Frequency-Domain SNRs: Restoration of degraded audio signals is commonly performed on complex-valued frequency-domain (FD) representations via manipulation of magnitudes and phases or manipulation of real and imaginary parts. In general, these manipulations do not produce consistent representations. The consequence is that the magnitudes and phases (or real and imaginary parts) of the restored time-domain signal (which are always consistent) do not match the generally inconsistent values imposed during FD restoration. One might say ``What we get is not what we asked for.'' In order to better understand the complex interplay at work, we developed two-dimensional FD SNR frameworks that visually reveal how consistency enforcement changes the applied FD restorations to arrive at the achieved FD restorations. We report this work in our WASPAA 2025 paper and we have made code available as well.
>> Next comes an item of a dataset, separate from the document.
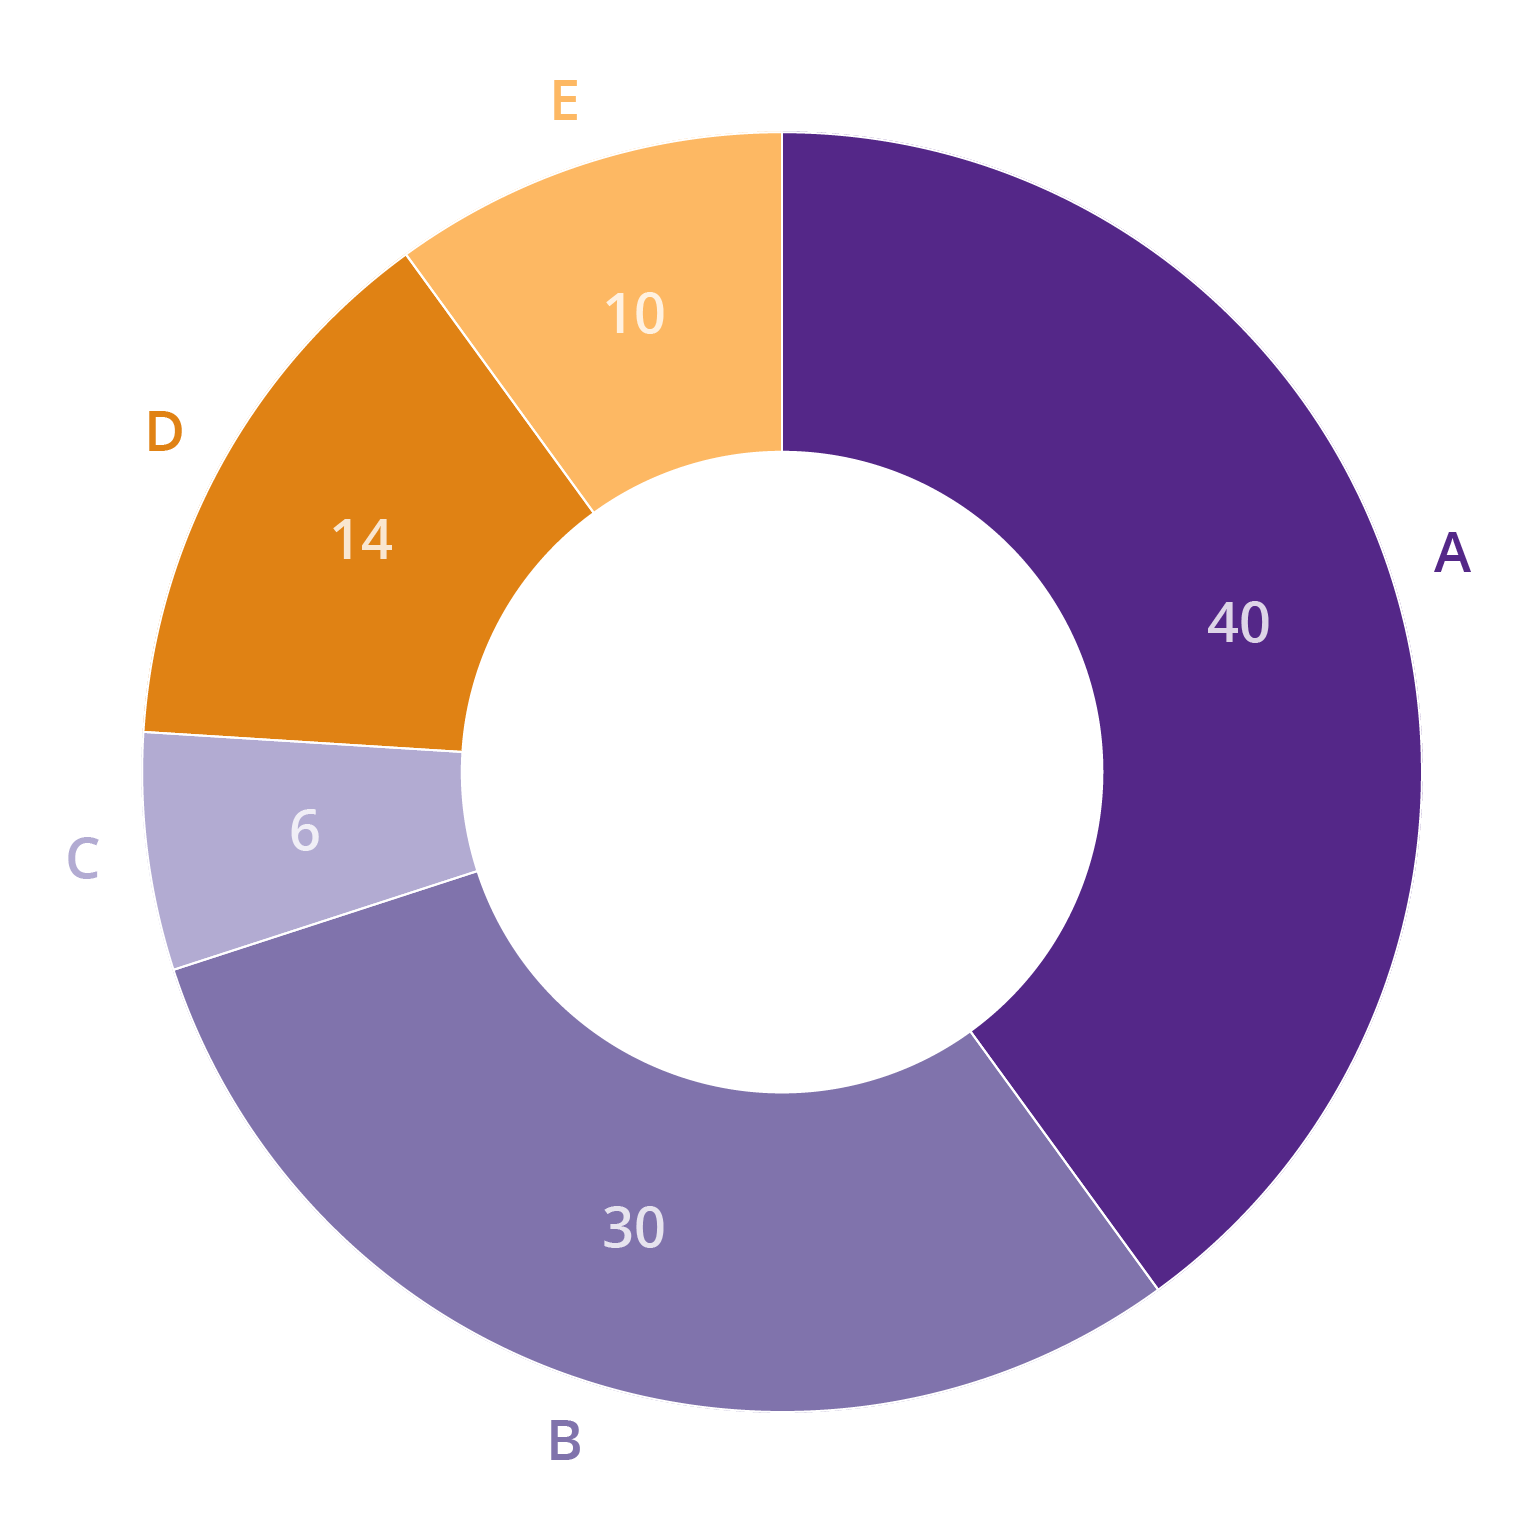 A donut chart with 5 slices. 3 of the slices are coloured in tones of purple, and together they amount to just over three quarters of the pie

Examples in the paper show how extended Griffin-Lim algorithms can reduce and direct, but not eliminate, the changes produced by consistency enforcement. Also in the paper, we show how objective estimators can connect this work to estimated speech quality and intelligibility.

AlignNet: We have made significant progress in using machine learning (ML) to create (NR) speech quality estimators. ML approaches are powerful and effective, but also highly dependent on the quantity and diversity of listening experiment results that comprise the ground-truth training data. This motivates combining the results of multiple listening experiments to achieve the needed quantity and diversity of data, but combining is often impossible due to dataset inconsistencies.

We have developed two complementary machine-learning advances that address this issue. Multi-dataset finetuning (MDF) pretrains an NR estimator on a single dataset and then fine tunes it on multiple datasets at once, including the dataset used for pretraining. AlignNet uses an AudioNet to generate intermediate score estimates before using the Aligner to map intermediate estimates to the appropriate score range. AlignNet is agnostic to the choice of AudioNet so any successful NR speech quality estimator can benefit from its Aligner. The methods can be used in tandem, and we have completed two studies that show how they improve on current solutions by efficiently and effectively removing inconsistencies that impair the learning process, and thus they enable successful training with larger amounts of more diverse data.

We will presented this work at Interspeech 2024 in September. The paper and the code are available now.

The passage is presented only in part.